I just want to say first that this forum is fantastic and I have learned a lot from just browsing the threads and reading all the informative posts from all the kind users.

Tomorrow is my 1 year anniversary with my girlfriend and I want to say something to her in Tagalog. I basically want to say Happy Anniversary and that I have been so happy being with her the past year and hope we will be together for many more years to come. If someone can help me out, it would be greatly appreciated. Thanks.


----------



## fish41

Hey this is a great forum.
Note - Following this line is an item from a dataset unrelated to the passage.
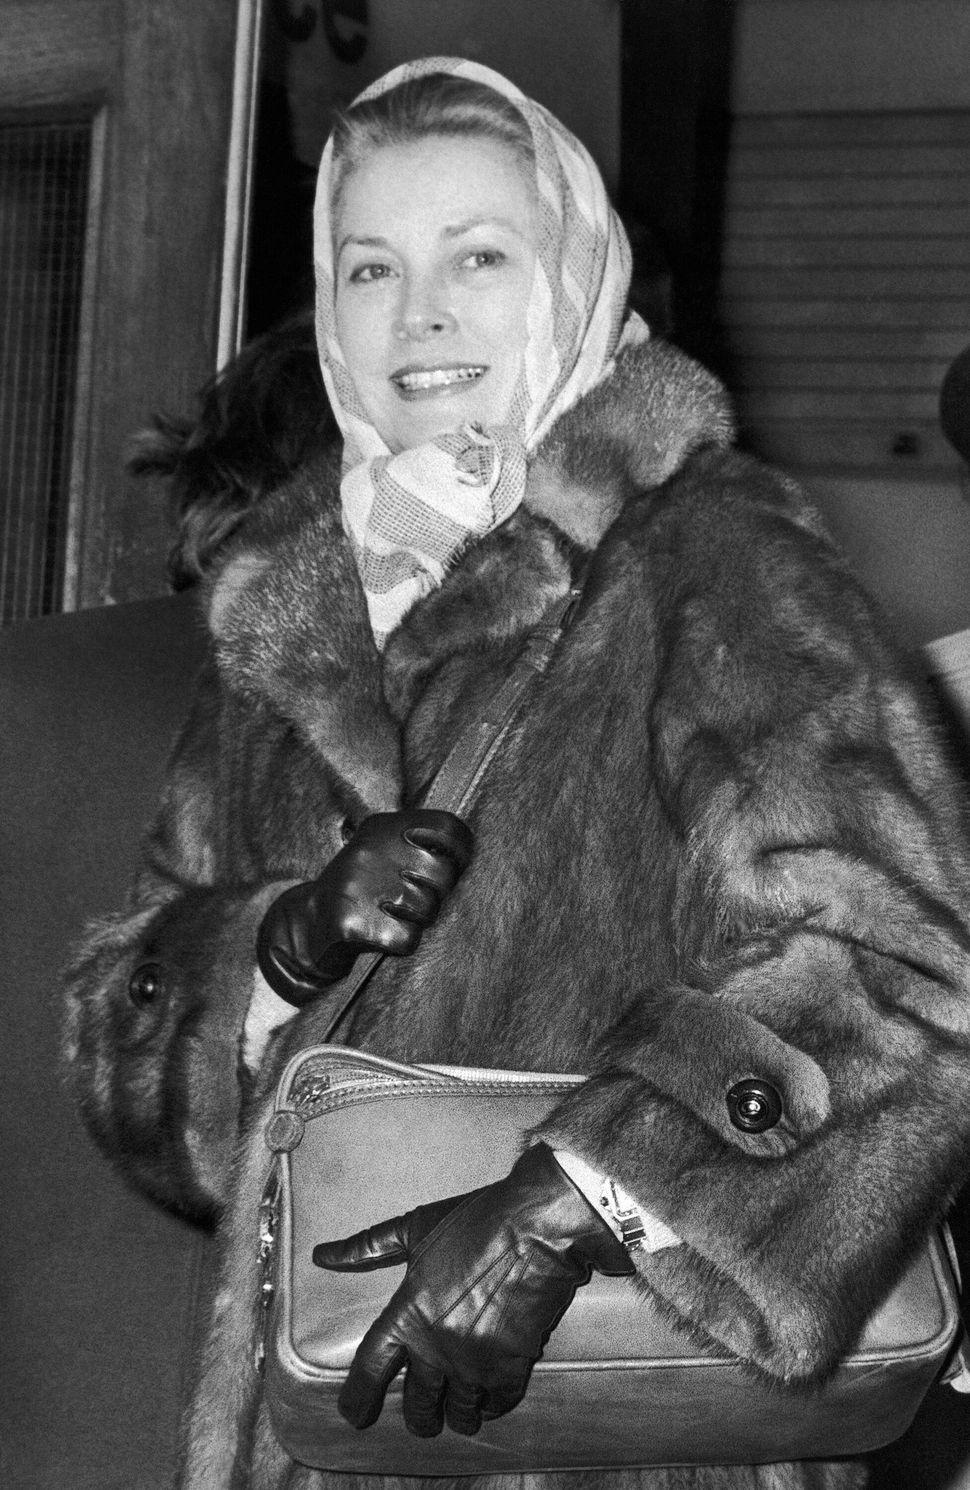 Η πριγκίπισσα Γκρέις του Μονακό στο αεροδρόμιο Χίθροου στο Λονδίνο, στις 8 Μαρτίου του 1981, όταν έφτασε από την Νίκαια για φιλανθρωπική συναυλία
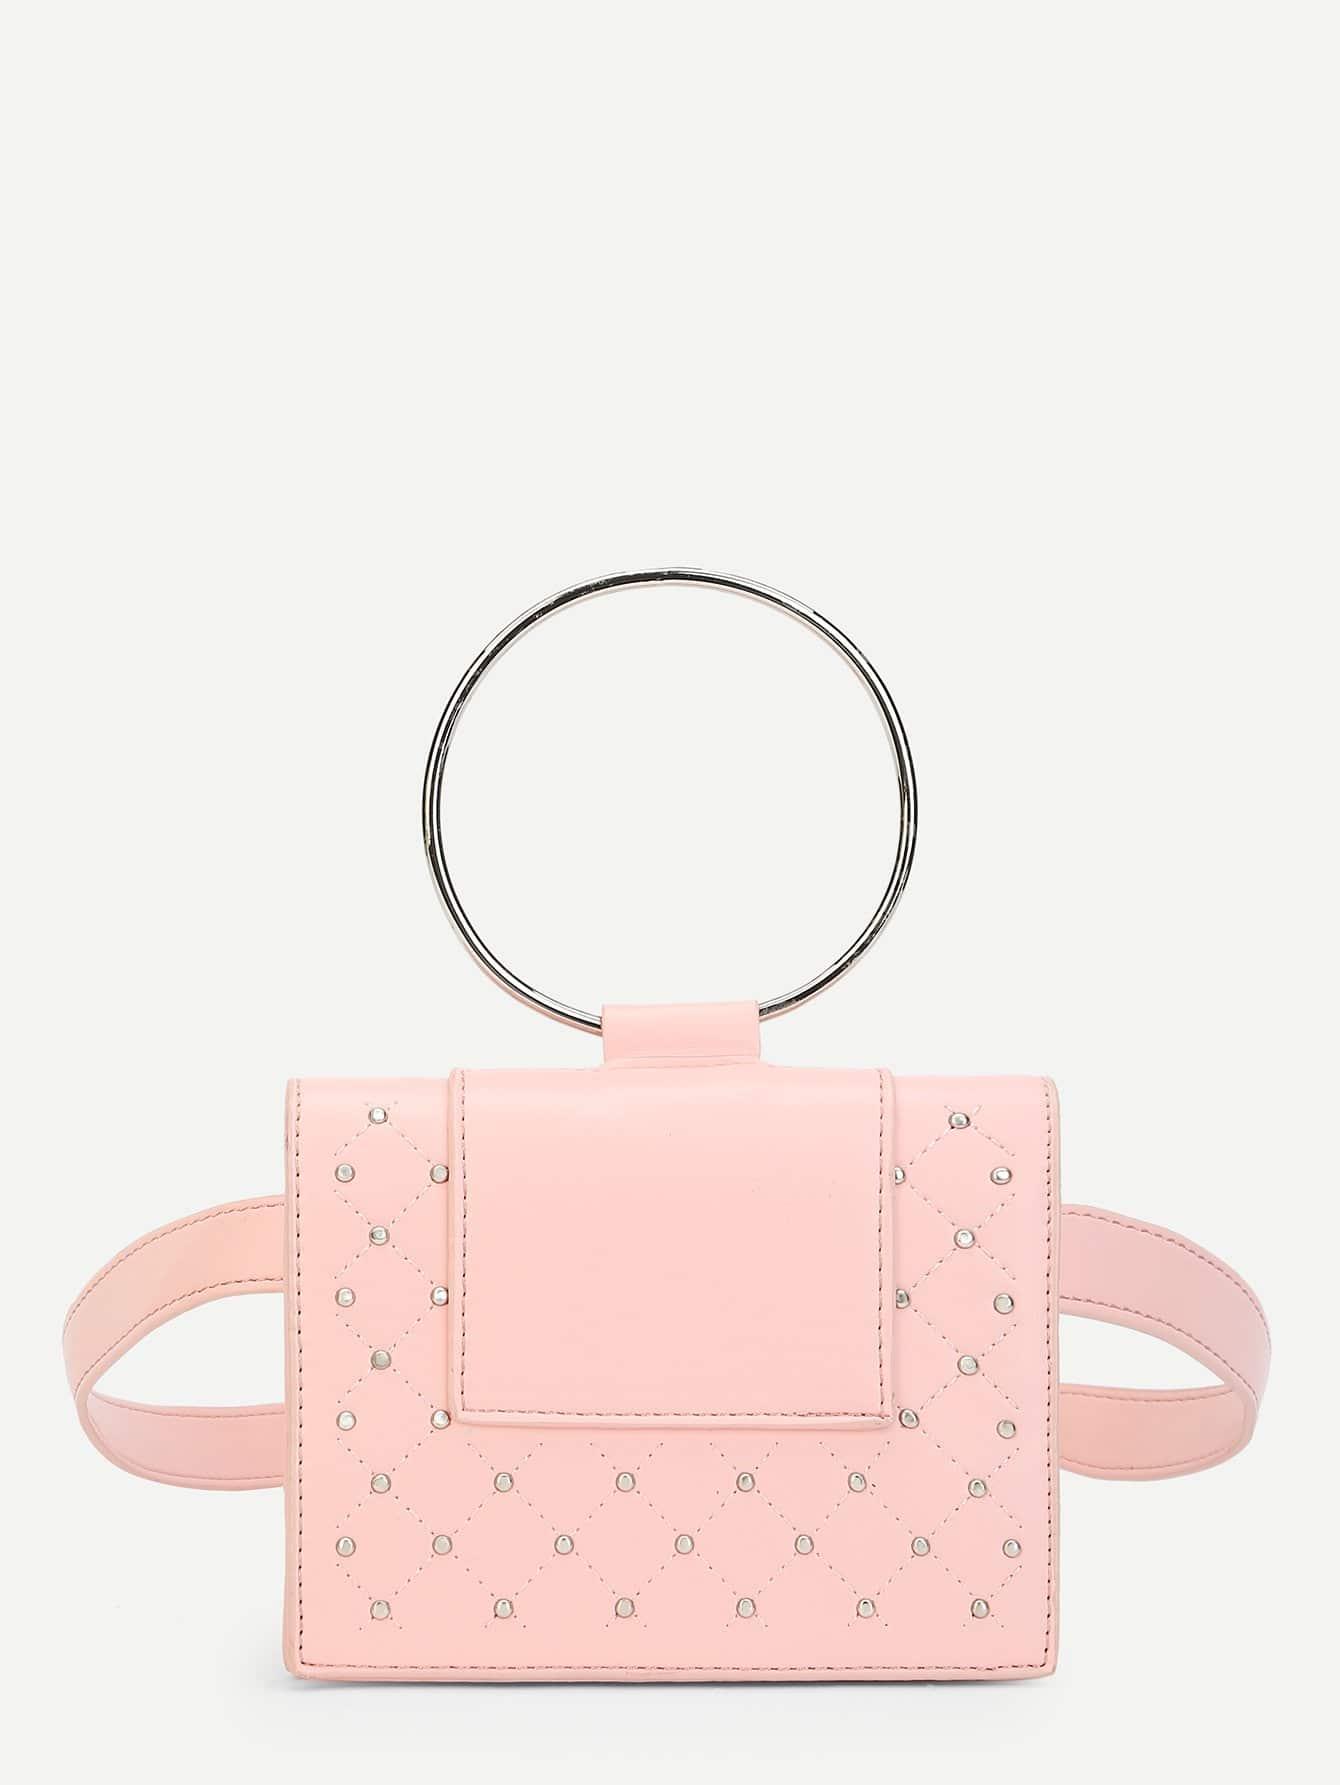 Купить Шипованный Поясные сумки розовый Сумки, null, SheIn

Learned a lot up to know with just reading. Was eager to read the answers to that question. Where are you filipinas/filipinos ?


----------



## LanceKitty

Err, belated happy anniversary!  I'm really sorry about the delay, but hey, better late than never right?



			
				RedBean said:
			
		

> I basically want to say Happy Anniversary and that I have been so happy being with her the past year and hope we will be together for many more years to come.


 
Maligayang anibersaryo, aking mahal.  Ako'y naging higit na maligaya sa piling mo sa nakaraang taon.  Nawa'y magkasama pa tayo sa mga darating taon.

Ey, you go Redbean!


----------



## mataripis

The Tagalog for Anniversary is "Pagdiriwang"  1.) Happy 1st anniversary= Maligayang pagdiriwang sa unang Taon ng _____________!


----------



## rempress

mataripis said:


> The Tagalog for Anniversary is "Pagdiriwang"  1.) Happy 1st anniversary= Maligayang pagdiriwang sa unang Taon ng _____________!



"Pagdiriwang" is Celebration


----------



## mataripis

Then it is "Kaarawan" in Tagalog.  "maligayang ika- 2 taon ng...."


----------



## rempress

mataripis said:


> Then it is "Kaarawan" in Tagalog.
> _Which one is "kaarawan" in Tagalog?_
> "maligayang ika- 2 taon ng...._(what?)_ "


----------



## mataripis

"Maligayang Ika- 2 taong _kaarawan_ ng ating samahan!


----------



## sangrecaliente.sanchaud

No... We just say... Happy Anniversary... Not saying it in English is too absurd. hehehe


----------